Cheer up Patriot fans, as there's an exciting brand of football played on the weekends that doesn't involve the words "Injured Reserve," "Spygate" or "Matt Cassell." Hundreds of thousands of people enjoy it every Saturday, and there's even a local team for you to root for. Wait...they suck after losing their star quarterback too? Laaaaame. Still, might as well still enjoy this week's Route 1 College Football Awards:
Kelly's Roast Beef Real Fucking Deal award – This week's Kelly's Roast Beef with Sauce and Tomatoes Real Fucking Deal Award goes to East Carolina. I know, I know, "East Carolina" isn't even a state! Even still, they mass-murdered Virginia Tech (too soon?) last week, and gave the residents of West Virginia reasons to burn their couches this week. Before last Saturday, it had been six years since a Conference USA team beat a ranked BCS team. Now the Purple Helmeted Pirates have done it two weeks in a row. This week's win was especially impressive, as they held the West Virginia offense and Pat White's tranny cheekbones to only 251 yards of total offense. You'd think that White would have experience with purple helmets flying at his face.
Weylu's Epic Fail award – Now, the obvious winner of this award should be West Fucking Virginia, what with their loss to a state that isn't even a state. However, this week's winner of the Weylu's Epic Fail Award goes to...Army? Now, before you get your red-white-and-blue Toby Keith panties in a bunch, know that Army lost to the manure-soaked fighting stoners of New Hampshire. And not even the Ricky Santos/David Ball vintage Wildcats either, but rather a UNH team that probably has half its players leaving practice early to make the afternoon shift at Dollar Bill's Discount World in Derry. America's finest, those men who are defending our country day and night, can't even beat a I-AA squad made of up fat kids from Dixville Notch and the sons of Hells Angels from Laconia? I fear for the safety of our country. One can only imagine how obnoxious Al Kaprelian will be giving the weather report tonight.

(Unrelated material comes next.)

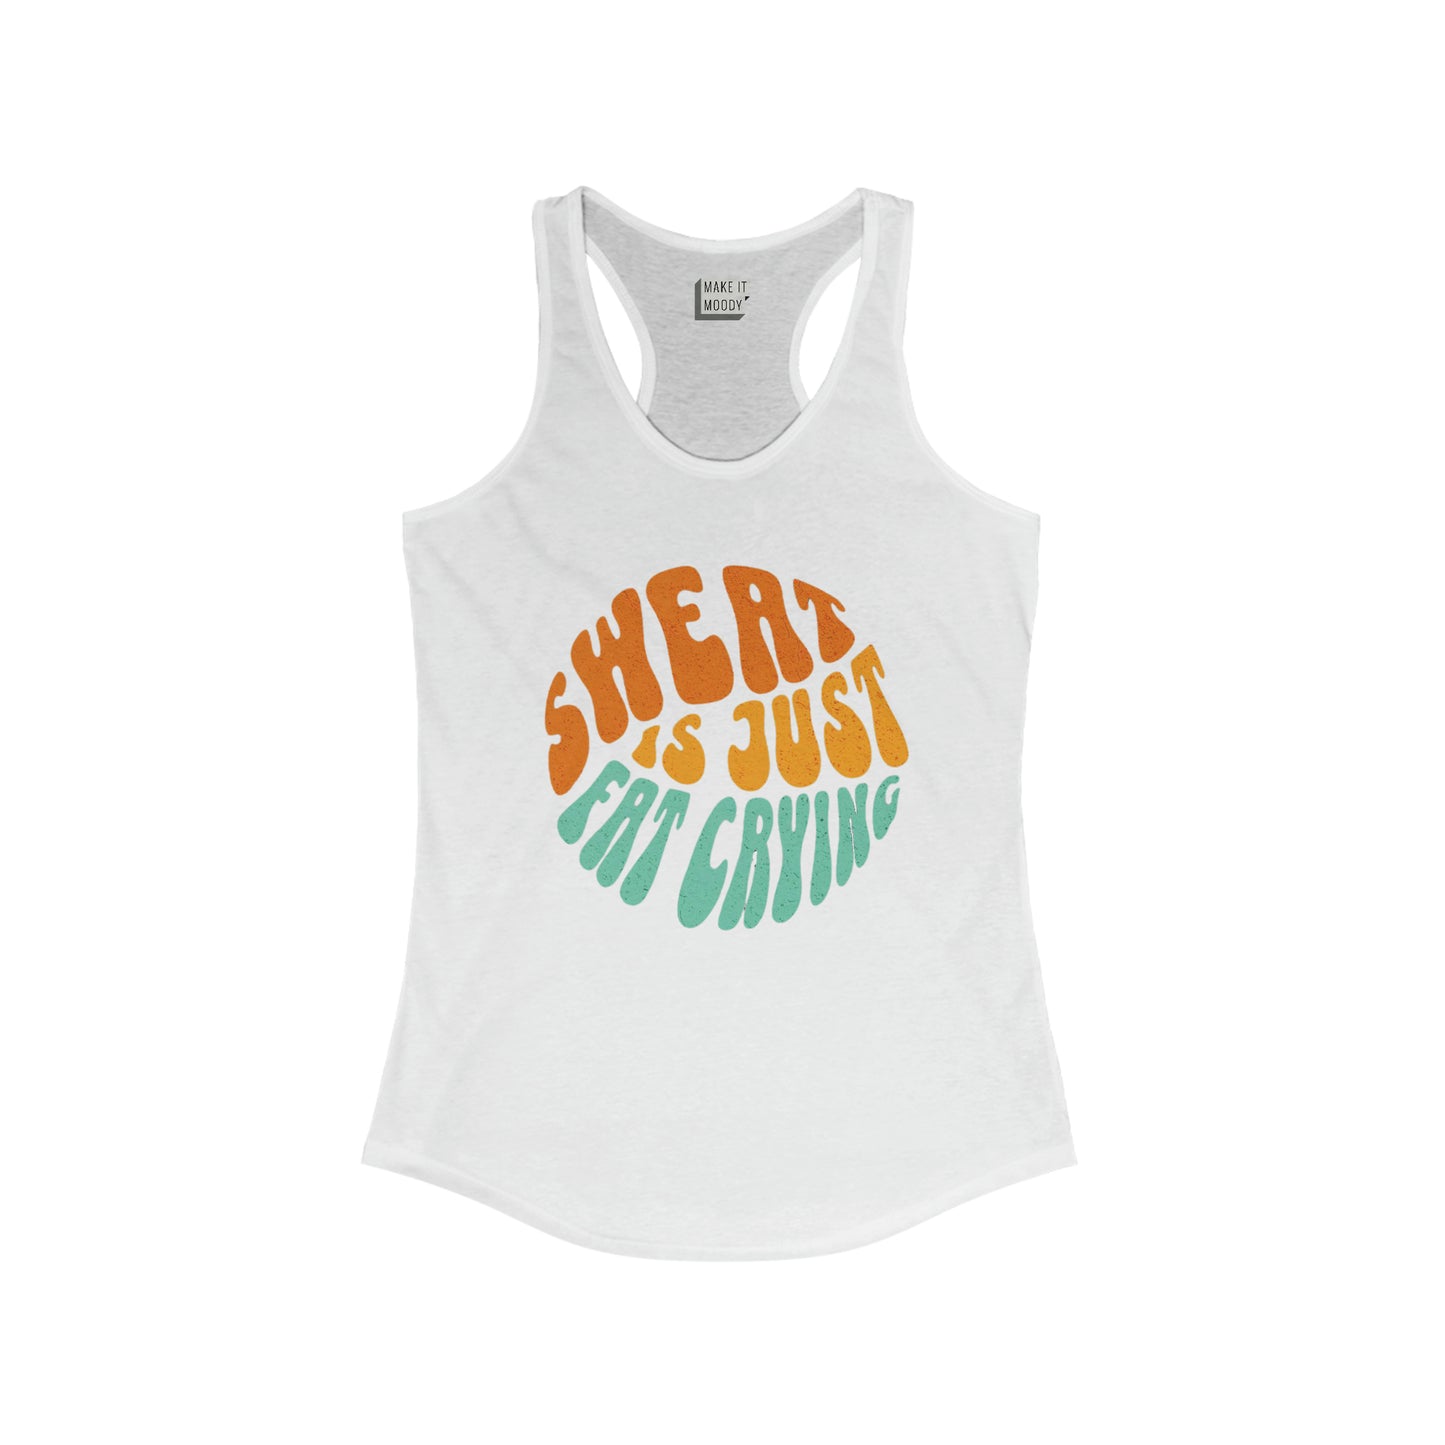 "Sweat Is Just Fat Crying" Gym Tank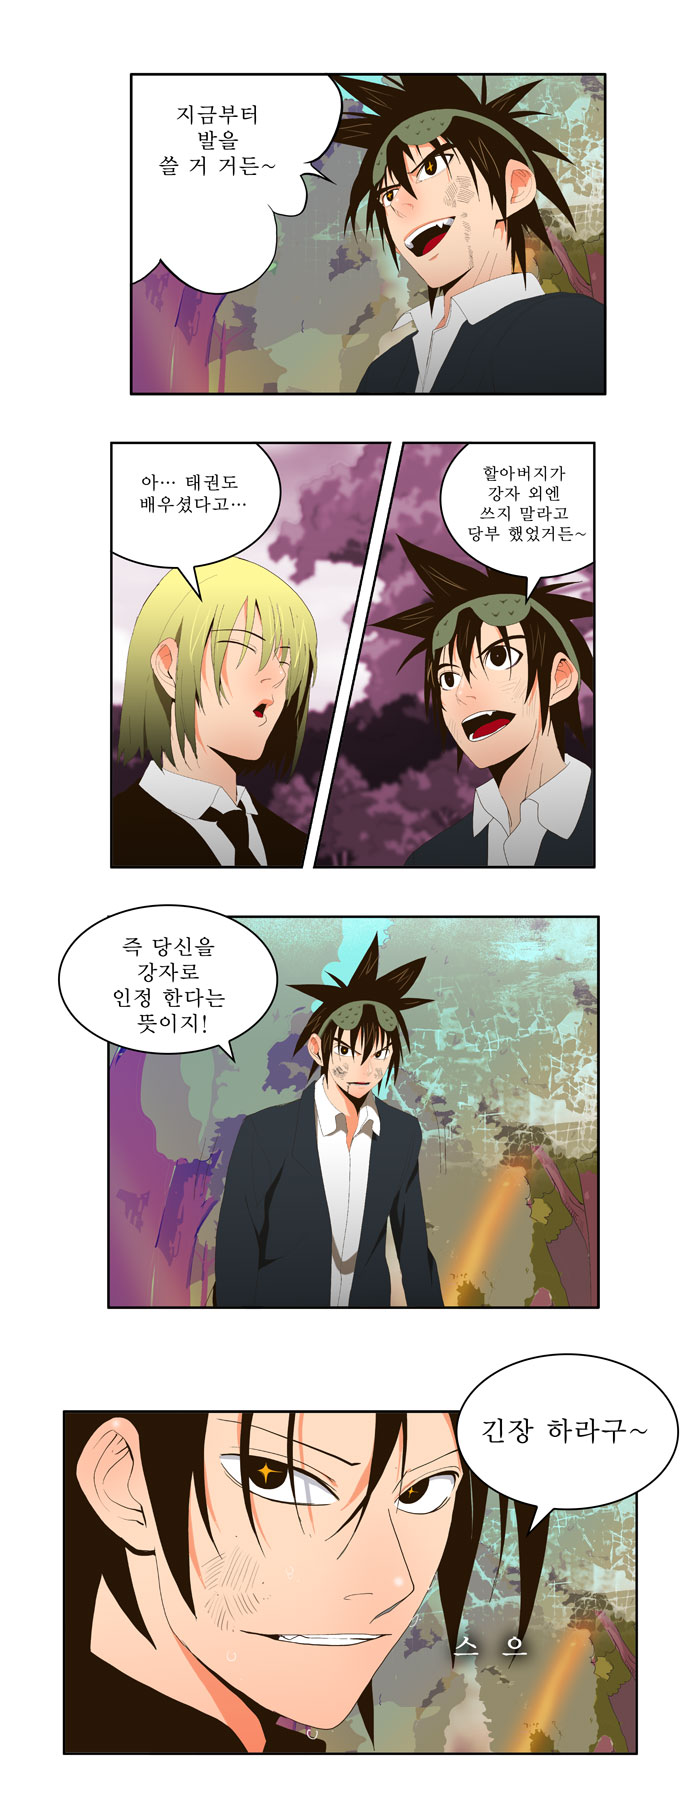 The God of High School - Chapter 4 - Page 2

Karl’s Sausage Kitchen Frightening Award – Missouri is this week's team that instills me with the fear that only mafia-owned sausage kitchens can bring. While I know they only played Southeast Missouri State this week, quarterback Chase Daniel completed 16 of his 17 passes, and the Tigers were up by 42 without even breaking a sweat. Oregon is also a winner of this week's Sausage Kitchen award after having scored 110 points in two games, despite being dressed like retarded crossing guards.
Kowloon Good Ol' Fashioned Fun Award – Any of you who saw the end of Saturday's Washington/BYU game saw a treat worthy of Eddie Andleman's MSG-soaked arteries. Washington quarterback Jake Locker marched the Huskies on an 18-play game-ending drive, scrambling to freedom on multiple fourth downs to keep his team alive. Locker finally reached Touchdownville with two seconds left to bring the score to 28-27 BYU, pending only the extra point. In his northwestern glee, Locker then threw the ball up in the air, earning a bullshit 15-yard unsportsmanlike conduct penalty. The 35-yard extra point was then, of course, blocked, and BYU fans were left happier than the birth of their eighth child.
Whole Foods “What the fuck are they doing here” Award – In an otherwise upset-free week, East Carolina is the obvious winner of this award. I've also been told that the health food store on Route 1 is not Whole Foods, but rather something called "Wild Oats." Whatever, fuck you hippies. Given that I shower regularly, eat meat, don't smell like patchouli oil and high-five baby seal clubbers for a job well done, I clearly don't know the difference.
DB's Golden Banana Stabbed Hooker Award - The stabbed hooker award for injury goes to UFC fighter Chuck Liddell. Okay, he's not exactly a college football player, but he was knocked absolutely fucking cold on Saturday night by Rashad Evans, commencing in this impromptu mid-ring naptime:
Frank Giuffrida Exalted Human Being Award – Illinois' Juice Williams ran for 174 week after throwing for 451. One may even call him as much of a double threat as Frankie Giuiffrida himself, who ran a restaurant AND a butcher shop in his glorious years on this earth. Speaking of dual threats, America's Greatest Human Tim Tebow threw for 256 yards and ran for 55, despite the Gator offensive line forgetting how to block anything. To celebrate their giant efforts, both Tebow and Williams will receive the giant 22 oz. Porterhouse steak, served in the spacious Carson City dining room.